SNSを活用した相談支援サービスなどの開設は、障害のある人への情報発信の観点からも有効な手段であると考えている。
来年度、情報通信機器やICTに精通した障害のある人から構成する検討会を開催することとしており、IT技術の利用促進について協議していきたい。
【障害福祉課】
職業訓練、就労支援の充実
7
要望
視覚に障害があっても受けられる職業訓練の体制を確立すること。
回答
(障害福祉課)
視覚に障害がある人の一般就労については、パソコン技術の習得やジョブコーチなどのサポート体制の確保、企業の理解など課題が多い。職業訓練の体制づくりについては、国、県及び市視覚障害者協会と連携し、継続した研究が必要であると考えている。
(労働政策課)
また、障害のある方の職業能力開発と自立支援を図るため、県内の公共職業訓練施設において職業訓練を受ける場合に、奨励金を交付している。視覚障害の状況によっては、訓練可能なカリキュラムもあることから、ハローワークと連携し、就職面接会等の場で必要な情報が行き届くよう周知に努めていきたい。
【障害福祉課・労働政策課】
8
要望
視覚障害者が金沢市職員として働ける環境づくりを行い、視覚障
害者の就労のロールモデルを作ること。
回答
金沢市職員になるには、障害のある方についても、障害の種別にかかわらず職員採用試験を受験する必要がある。

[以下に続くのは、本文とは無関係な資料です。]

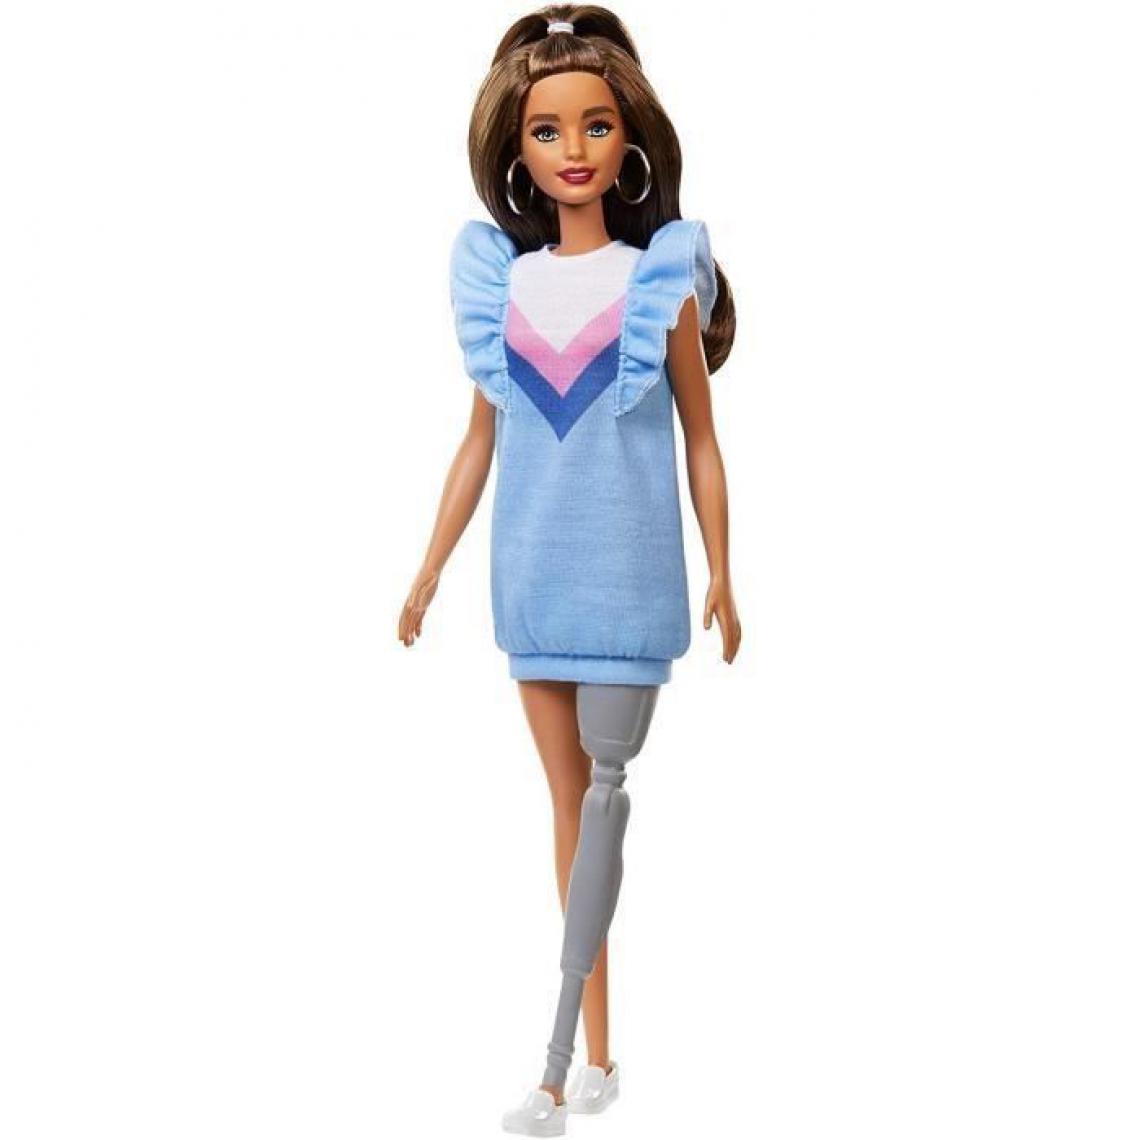 Mattel - Barbie - Barbie Fashionistas Prothese - 3 ans et + - Poupées

視覚障害者の方の採用については、点字試験の実施や採用後の職務内容など課題があると考えており、研究課題としていきたい。
【人事課】
9
要望
「重度障害者等に対する通勤や職場等における支援」を早期に実施すること。
回答
重度障害者等に対する通勤や職場等における支援については、障害者雇用を促進する観点から、必要なことであると認識している。

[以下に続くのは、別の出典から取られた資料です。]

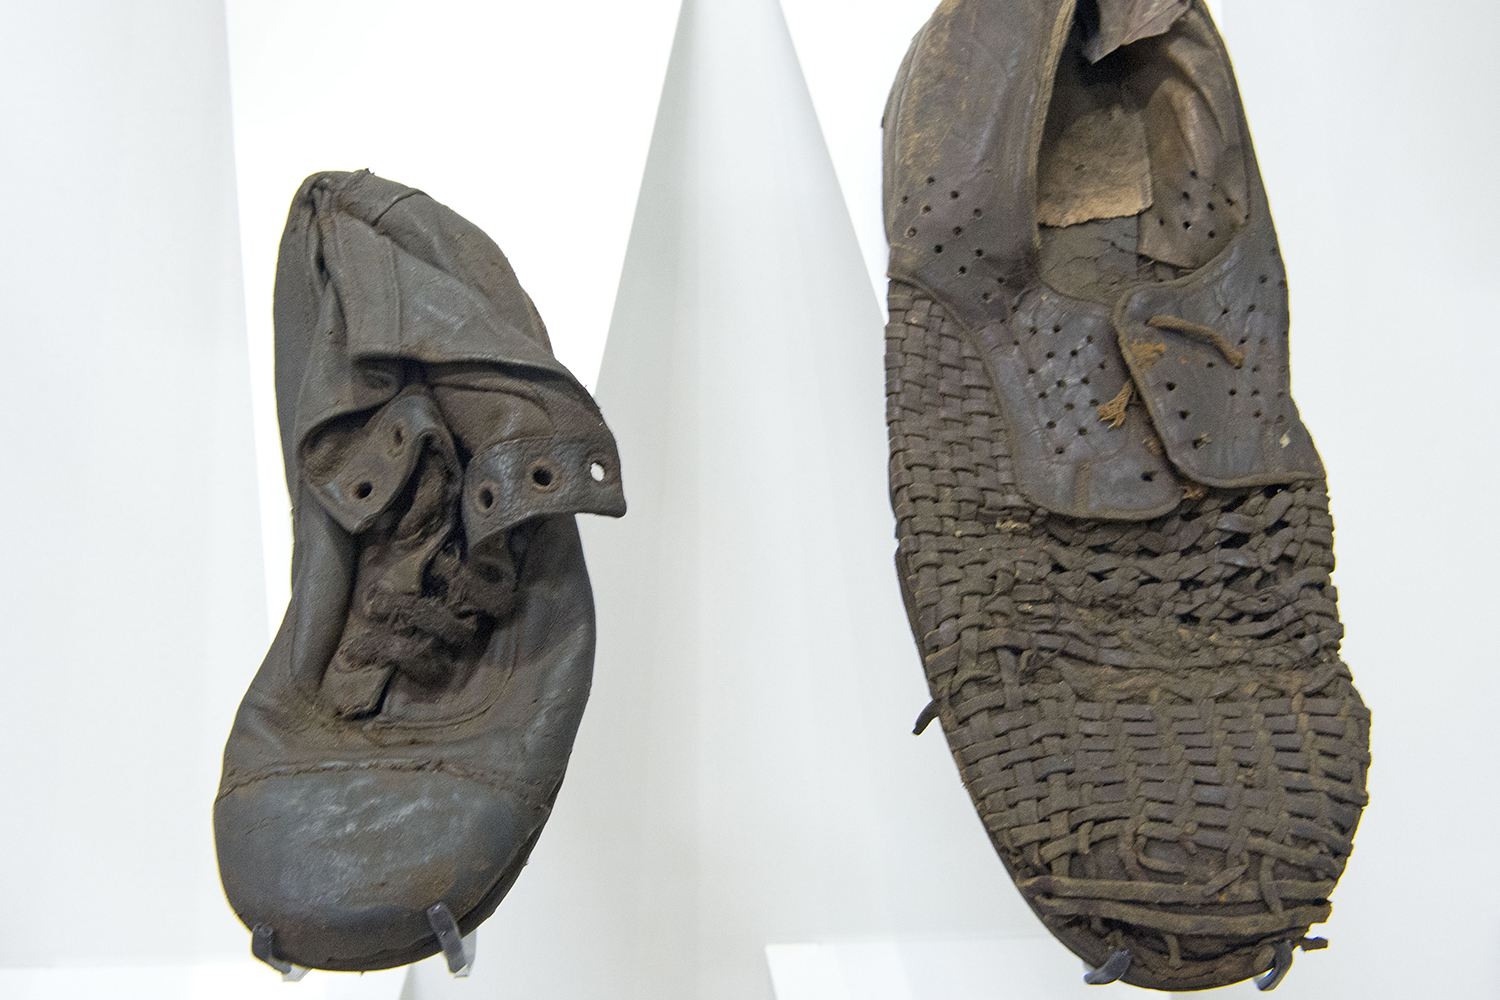 Roban ocho zapatos que pertenecían a victimas del Holocausto

一方では、雇用施策等と福祉施策を組み合わせて一体的に支援するものであることから、受け入れ側である事業者の状況やサービスを提供する事業者の確保などの課題等を鑑みながら検討していきたい。
【障害福祉課】
10
要望
ヘルスキーパーの採用企業を増やすための周知活動を行うこと。
回答
平成29年度に、視覚に障害のある方をヘルスキーパーとして雇用している事業所を「金沢市はたらく人にやさしい事業所」として表彰した。当該取組については、「金沢市はたらくサイト」や企業の担当者を対象に開催する「働き方改革セミナー」において、優良事例として紹介するなどしている。引き続き、障害のある方の就労に関する情報について、効果的な発信に努めていきたい。